== Required action ==
The required output is the exact run of lines in the listing below from the line holding "Батарея универсальная XO" through the line holding "Турецкая Кофеварка на", with no pictures.

== Exercise data ==

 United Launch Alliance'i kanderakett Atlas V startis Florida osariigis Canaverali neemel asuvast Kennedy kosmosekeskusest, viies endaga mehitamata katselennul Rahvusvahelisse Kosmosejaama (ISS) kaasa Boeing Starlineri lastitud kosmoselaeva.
* * *
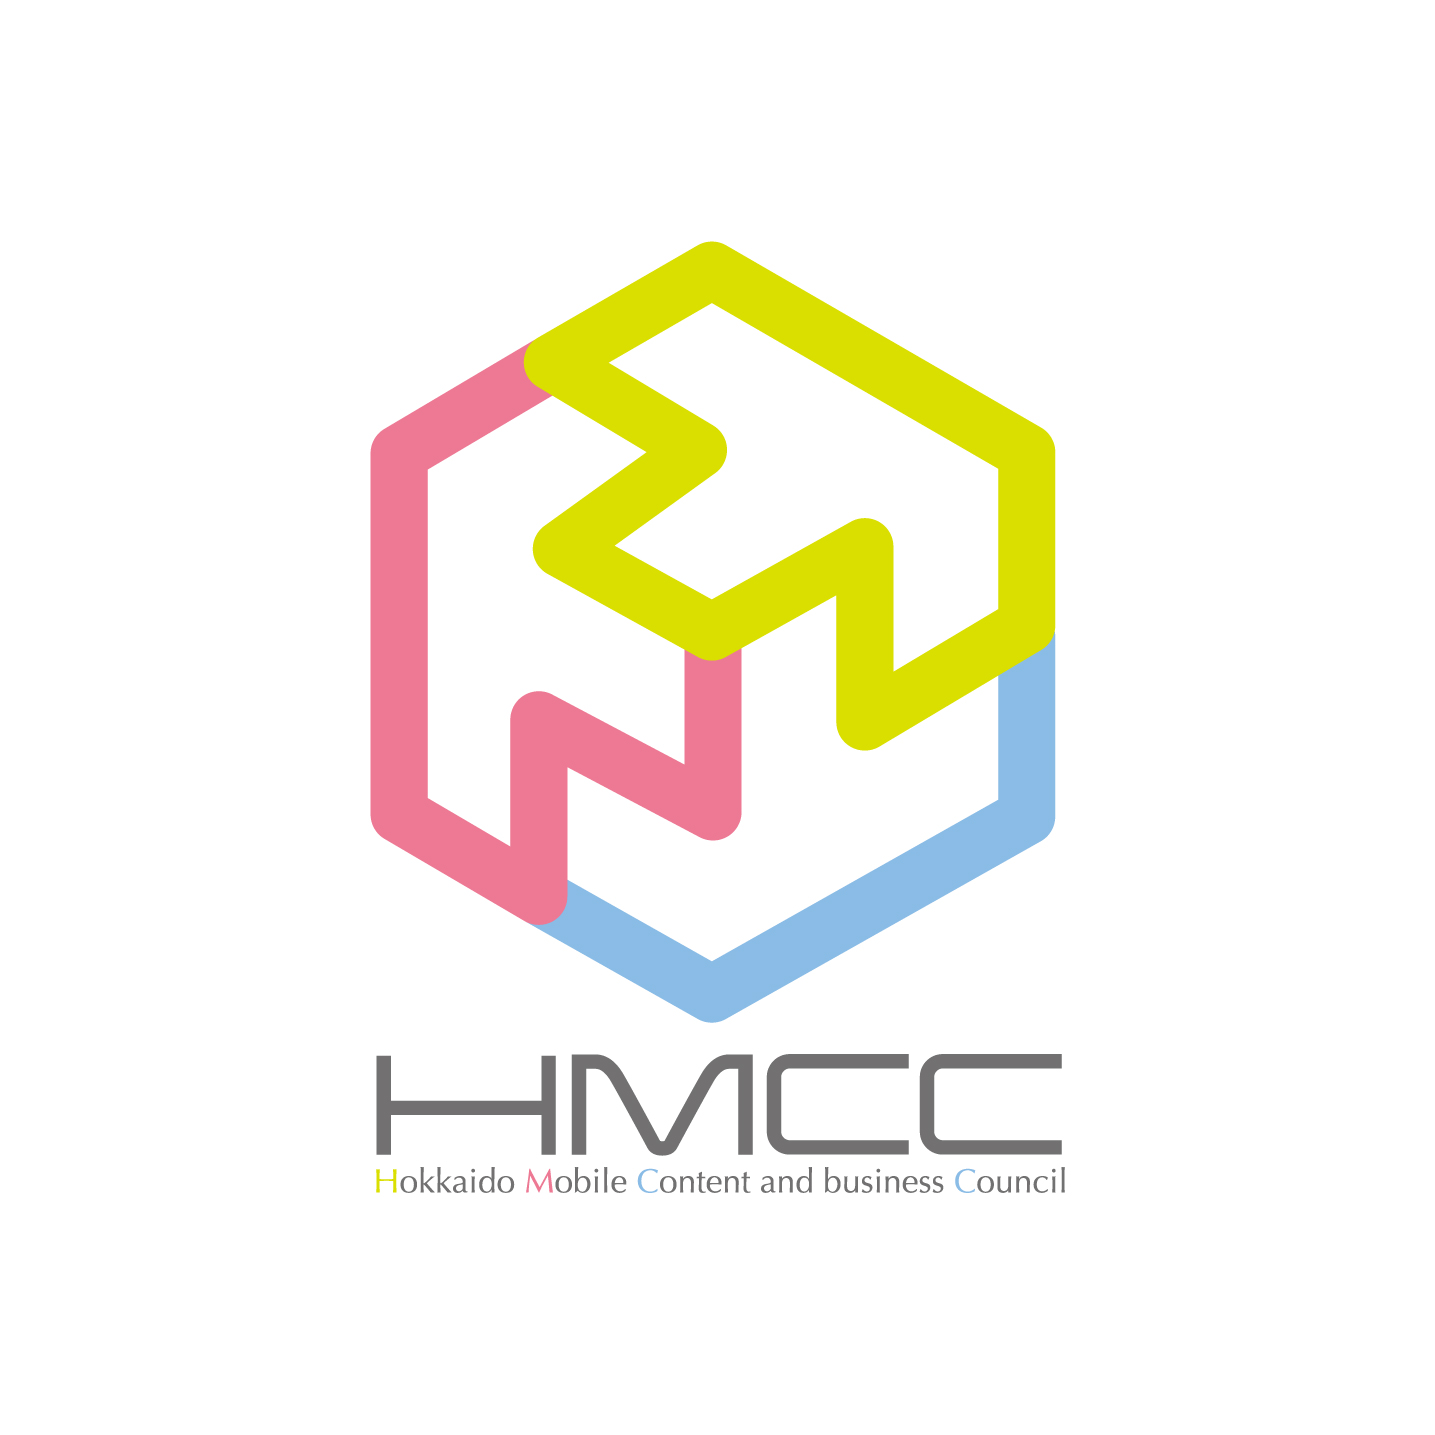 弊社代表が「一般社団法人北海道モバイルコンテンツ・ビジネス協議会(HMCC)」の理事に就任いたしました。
==
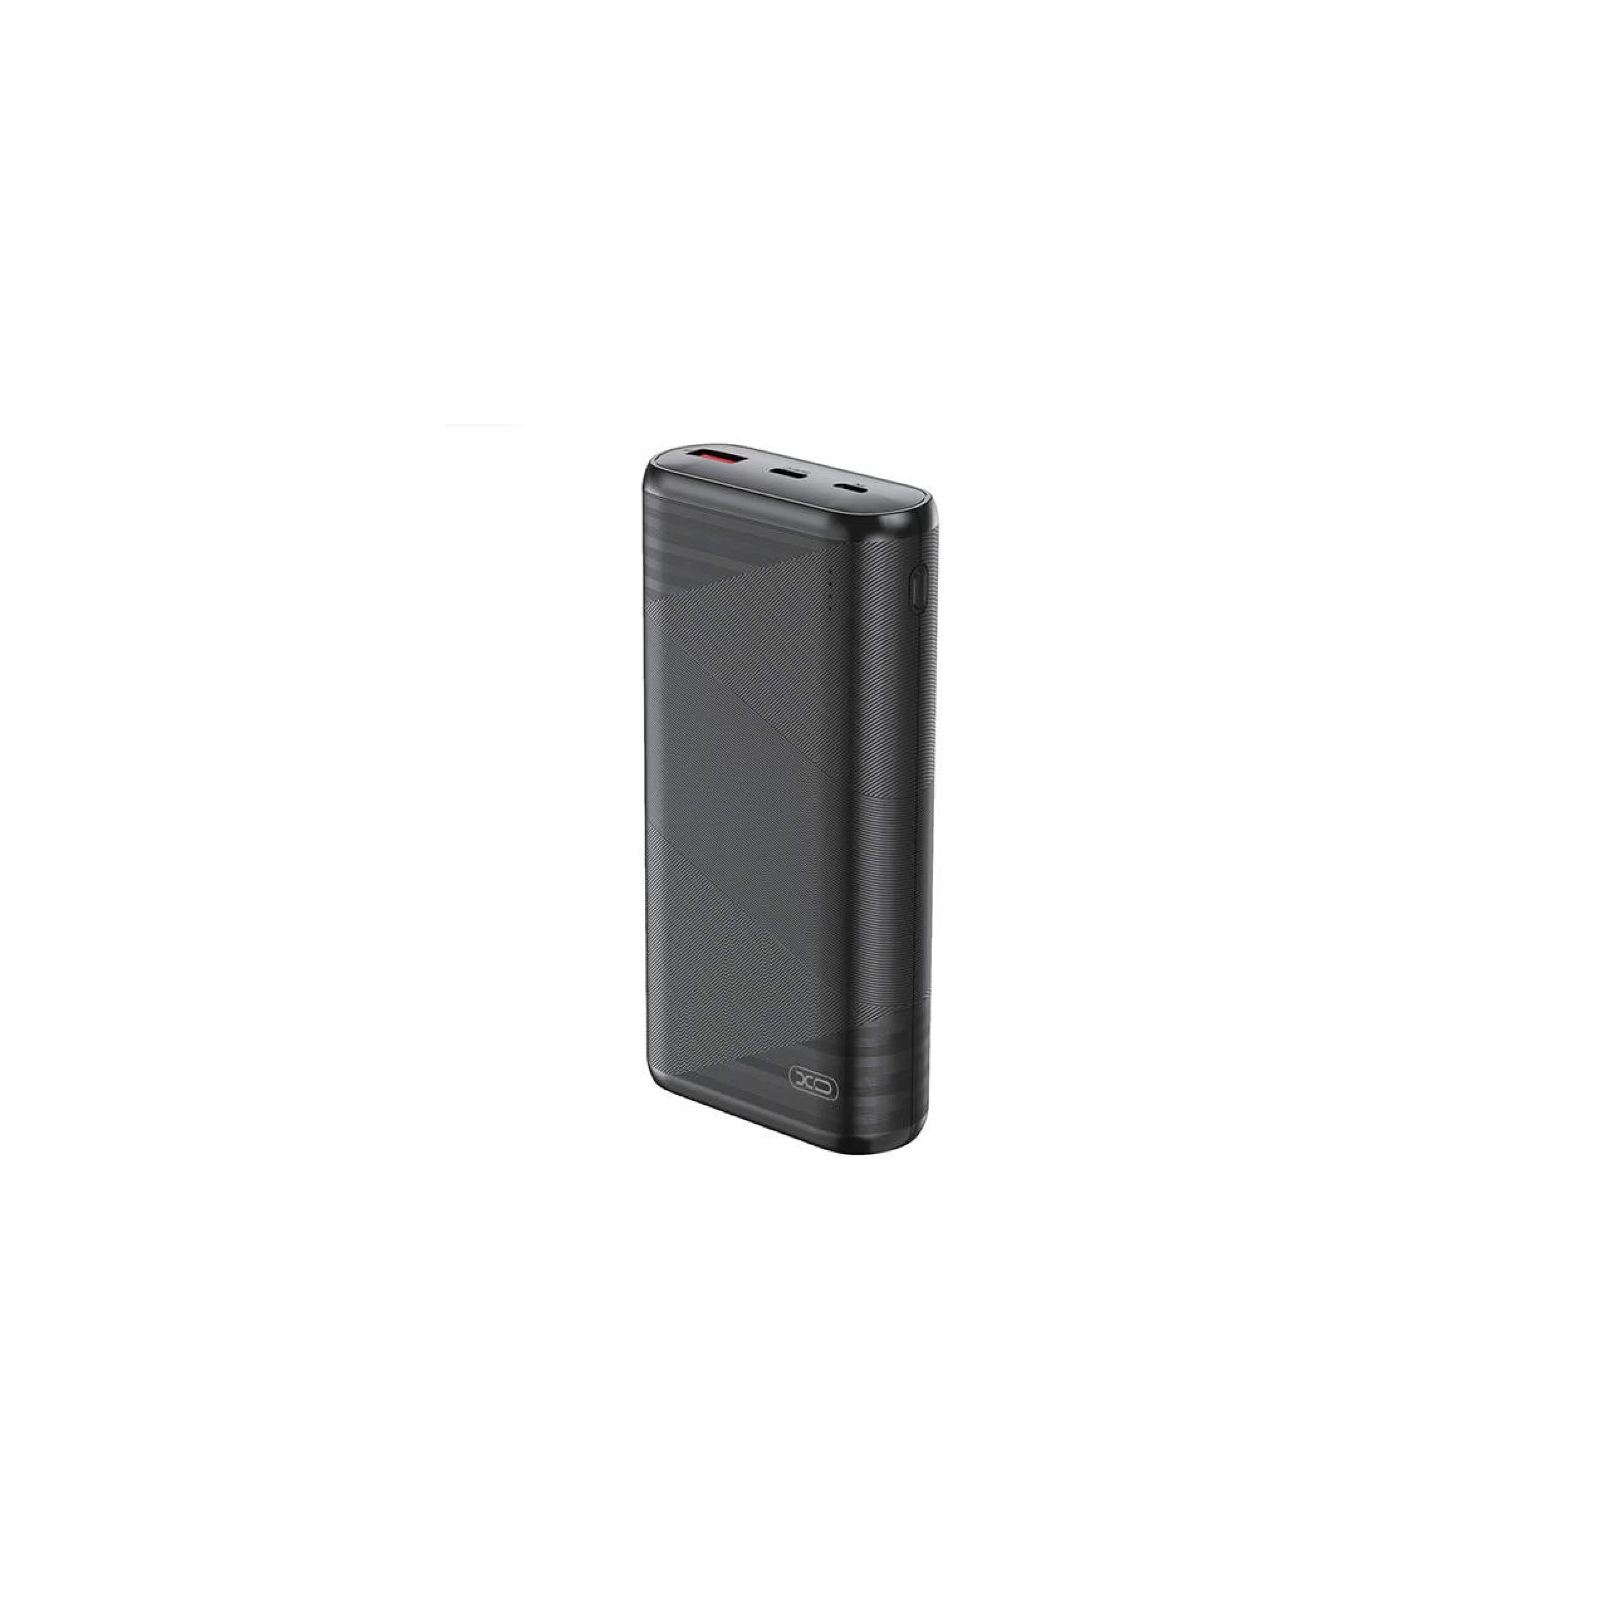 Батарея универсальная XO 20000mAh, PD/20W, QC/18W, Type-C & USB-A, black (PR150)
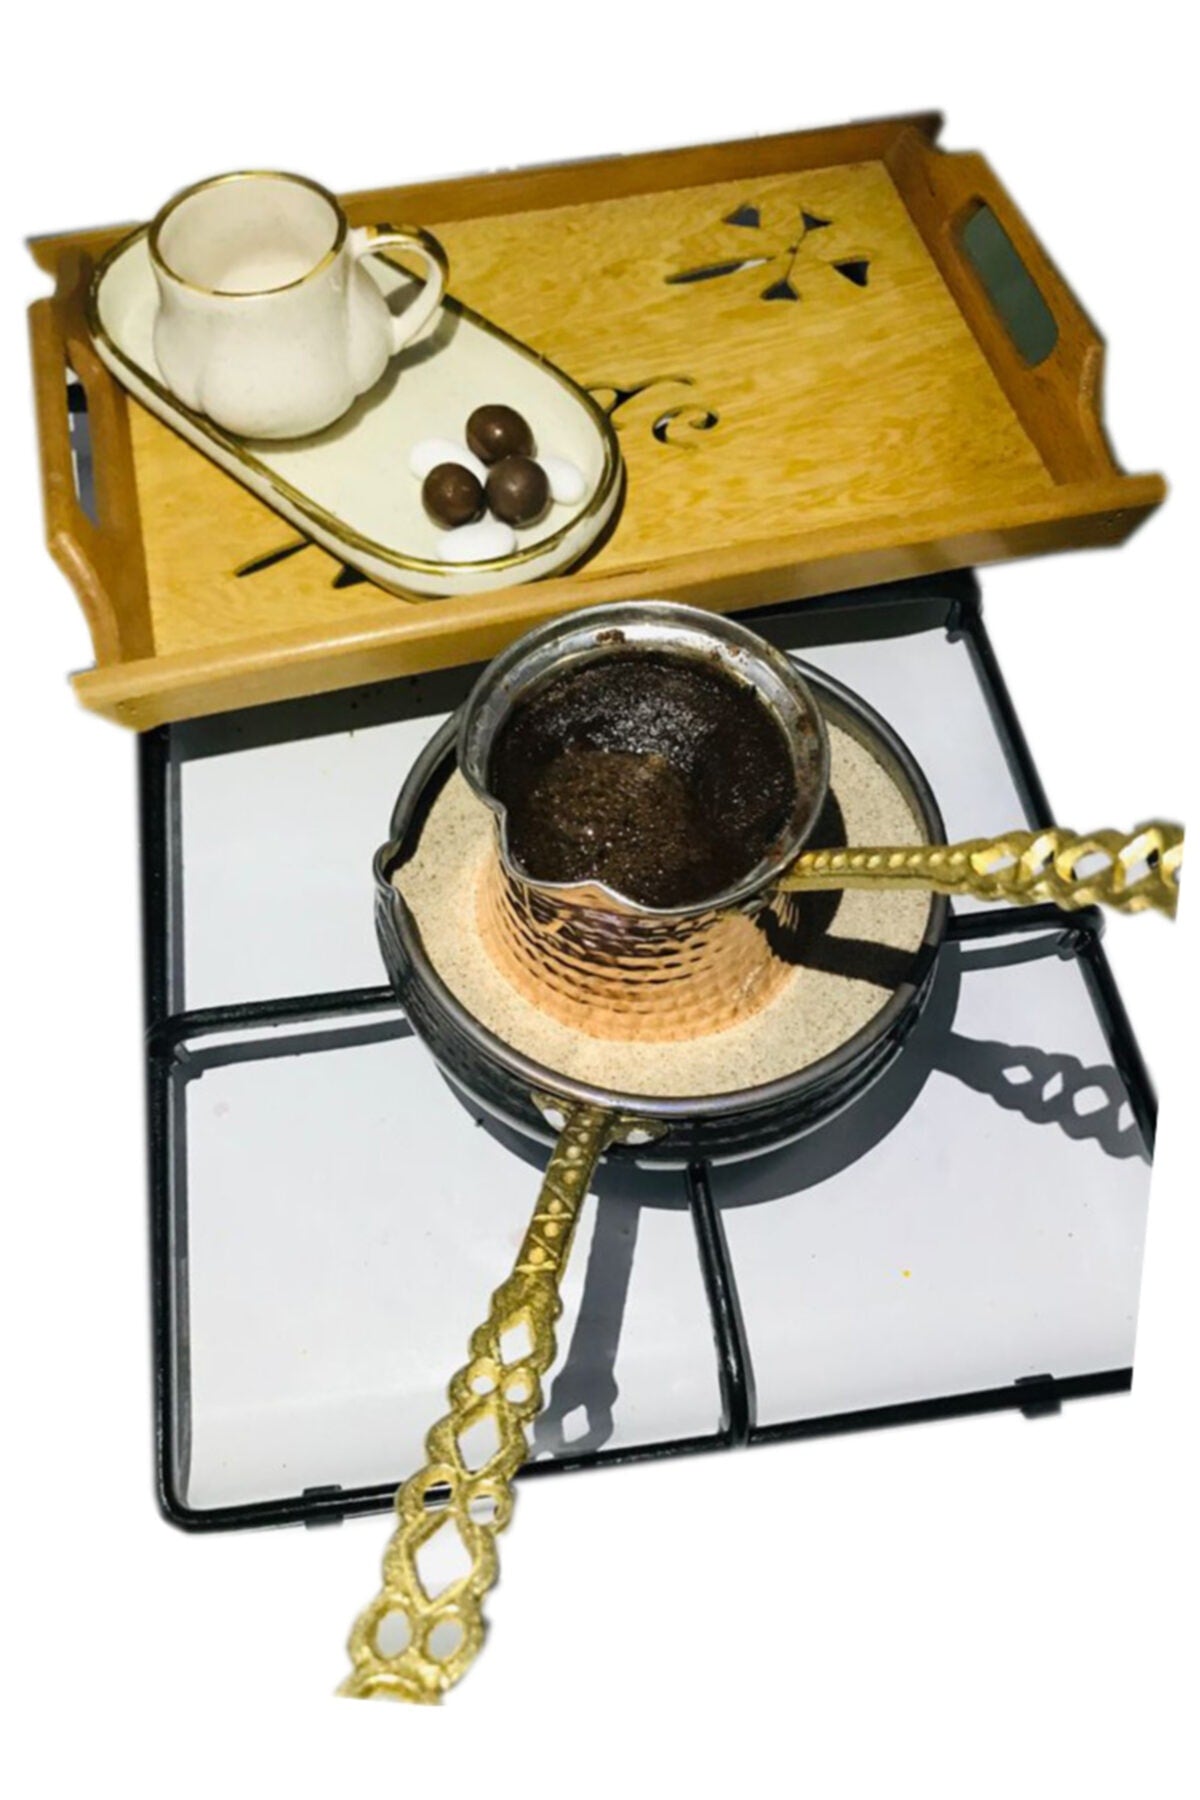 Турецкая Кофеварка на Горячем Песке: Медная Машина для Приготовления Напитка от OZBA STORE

== Expected answer ==
 Батарея универсальная XO 20000mAh, PD/20W, QC/18W, Type-C & USB-A, black (PR150)
 Турецкая Кофеварка на Горячем Песке: Медная Машина для Приготовления Напитка от OZBA STORE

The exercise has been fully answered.